Scale FlowGRPO (or any diffusion RL) training across multiple nodes. This guide
uses the Qwen-Image OCR LoRA example to explain every change needed when moving
from one node to a multi-node cluster.

## Introduction

The single-node quickstart runs all components — actor training, rollout
generation, reward scoring, and reference log-prob computation — on 4 GPUs
inside one machine.
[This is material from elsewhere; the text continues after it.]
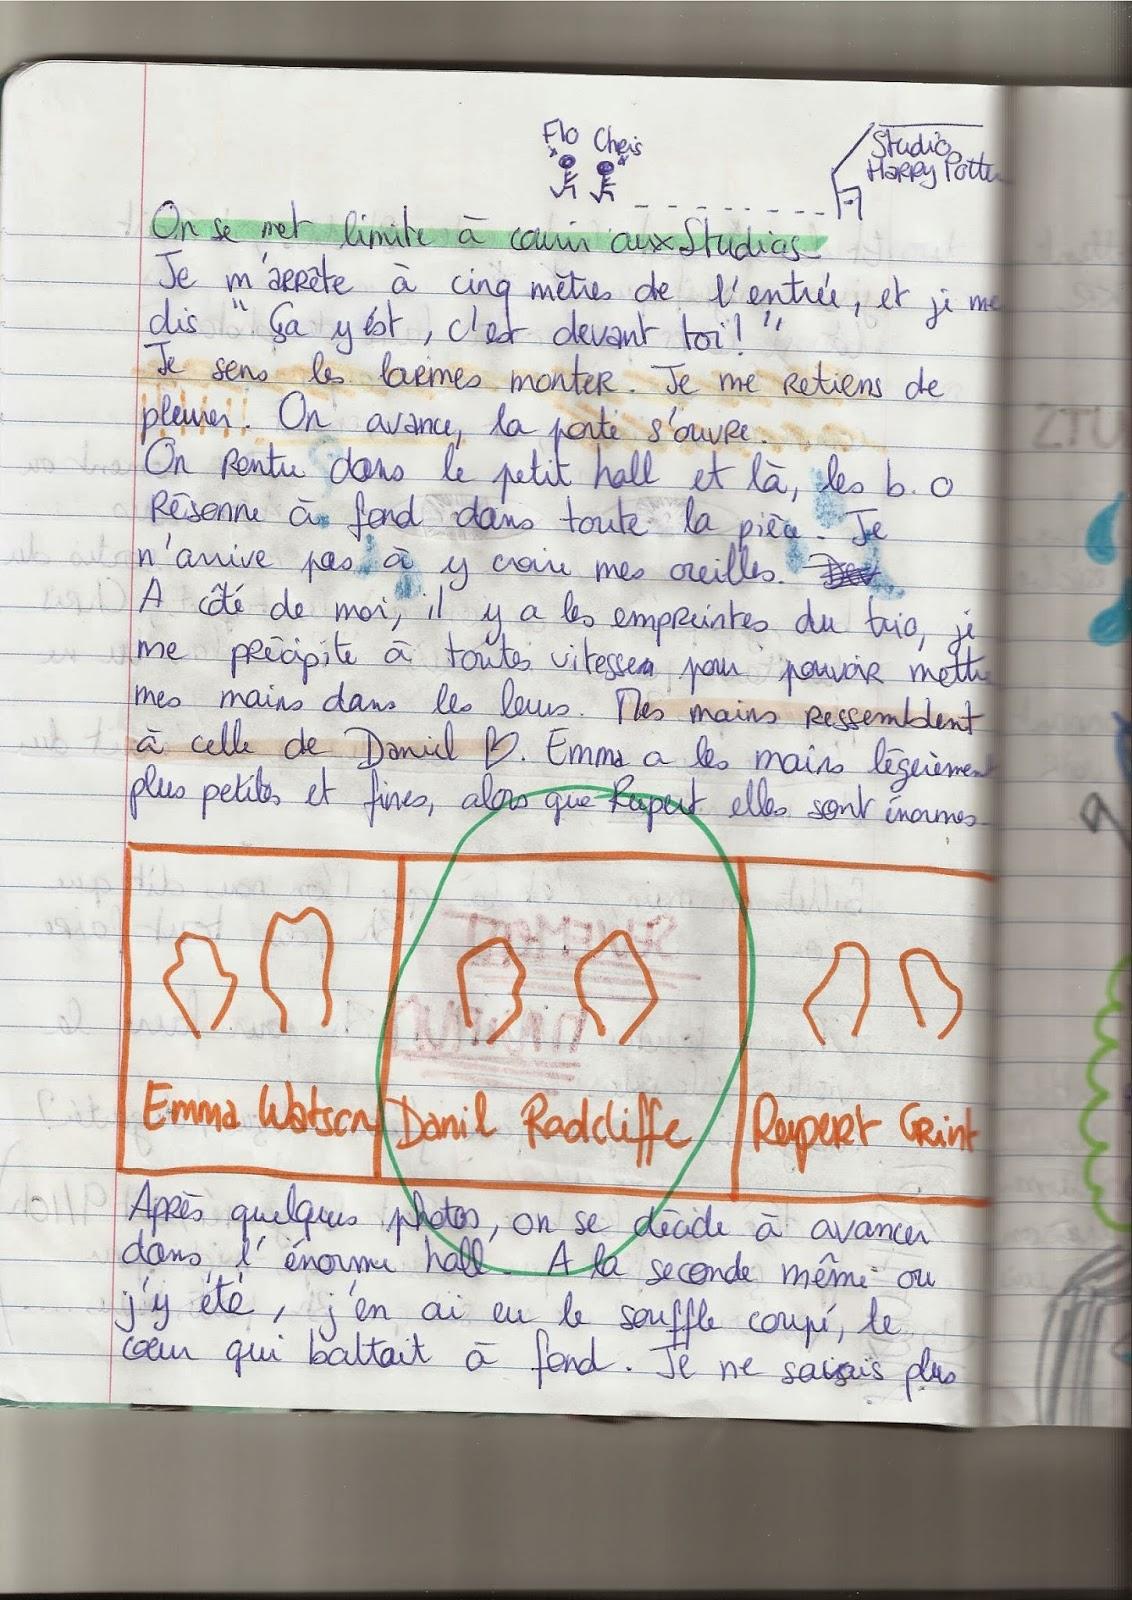 Magiquement Potter Les Chaussettes Sont Les Vetements Preferes De Dobby Monsieur Answers to 7 questions about le vaisseau: magiquement potter blogger

When you need more throughput (larger global batch, more
rollout samples, or faster iteration), you can scale horizontally by adding
more nodes.

Multi-node training in VeRL-Omni distributes the same components across
multiple machines connected by a high-speed interconnect (InfiniBand or RoCE).
The reference multi-node script
(`examples/flowgrpo_trainer/run_qwen_image_ocr_lora_multi_node.sh`) runs on
`NNODES × GPUS_PER_NODE` GPUs (default: 2 × 4 = 8) and achieves roughly linear
throughput scaling by increasing the global batch size while keeping per-GPU
work constant.

### What changes and what stays the same

| What changes | What stays the same |
|---|---|
| Global batch size (scaled by GPU count) | Per-GPU micro-batch size (constant) |
| Number of rollout replicas and reward workers | Rollout TP/DP (1 replica per GPU) |
| FSDP shard boundary (per-node) | Optimizer settings (lr, weight decay) |
| Trainer topology (`nnodes`, `n_gpus_per_node`) | Algorithm (FlowGRPO), model, LoRA config |
| Attention backend | Rollout sampling config (noise, SDE, CFG) |

### Architecture: how components are placed across nodes

```text
Node 0 (rank 0..3)                          Node 1 (rank 4..7)
┌─────────────────────────────┐          ┌─────────────────────────────┐
│  GPU 0: replica + reward    │          │  GPU 4: replica + reward    │
│  GPU 1: replica + reward    │          │  GPU 5: replica + reward    │
│  GPU 2: replica + reward    │          │  GPU 6: replica + reward    │
│  GPU 3: replica + reward    │          │  GPU 7: replica + reward    │
│  (reward model TP=4)        │          │  (reward model TP=4)        │
│  FSDP shard group (GPUs 0-3)│          │  FSDP shard group (GPUs 4-7)│
└─────────────────────────────┘          └─────────────────────────────┘
         ▲                                        ▲
         │         NCCL / InfiniBand              │
         └────────────────┬───────────────────────┘
                          │
              ┌───────────┴───────────┐
              │  Shared filesystem    │
              │  (models, data, ckpt) │
              └───────────────────────┘
```

With the default `ROLLOUT_TP=1` and `ROLLOUT_DP=1`, each GPU hosts one
independent vLLM-Omni rollout replica. Each replica runs entirely within one
GPU, requiring no cross-node coordination for generation. The reward model
(Tensor Parallelism = `REWARD_TP=4`) is **colocated** with the rollout
replicas on **every node** — one reward replica spans all 4 GPUs within a
node via Ray's fractional GPU scheduling, sharing each GPU with its rollout
replica. With 2 nodes this gives 2 independent reward replicas
(`reward.num_workers = TOTAL_GPUS / REWARD_TP = 2`), one per node. FSDP
shards the actor parameters within each node via
`fsdp_size=$GPUS_PER_NODE`, avoiding expensive cross-node all-gathers during
training.

## Prerequisites

- Complete the {doc}`single-node quickstart <flowgrpo_quickstart>` on one node
  first. Multi-node training uses the same dataset, models, and base
  configuration.
- At least two nodes, each with the same number of GPUs, connected by
  InfiniBand or RoCE. All nodes must have identical software environments
  (same Python, CUDA, and pip packages) and shared access to model weights,
  data, and a writable checkpoint directory (e.g., via NFS or HDFS).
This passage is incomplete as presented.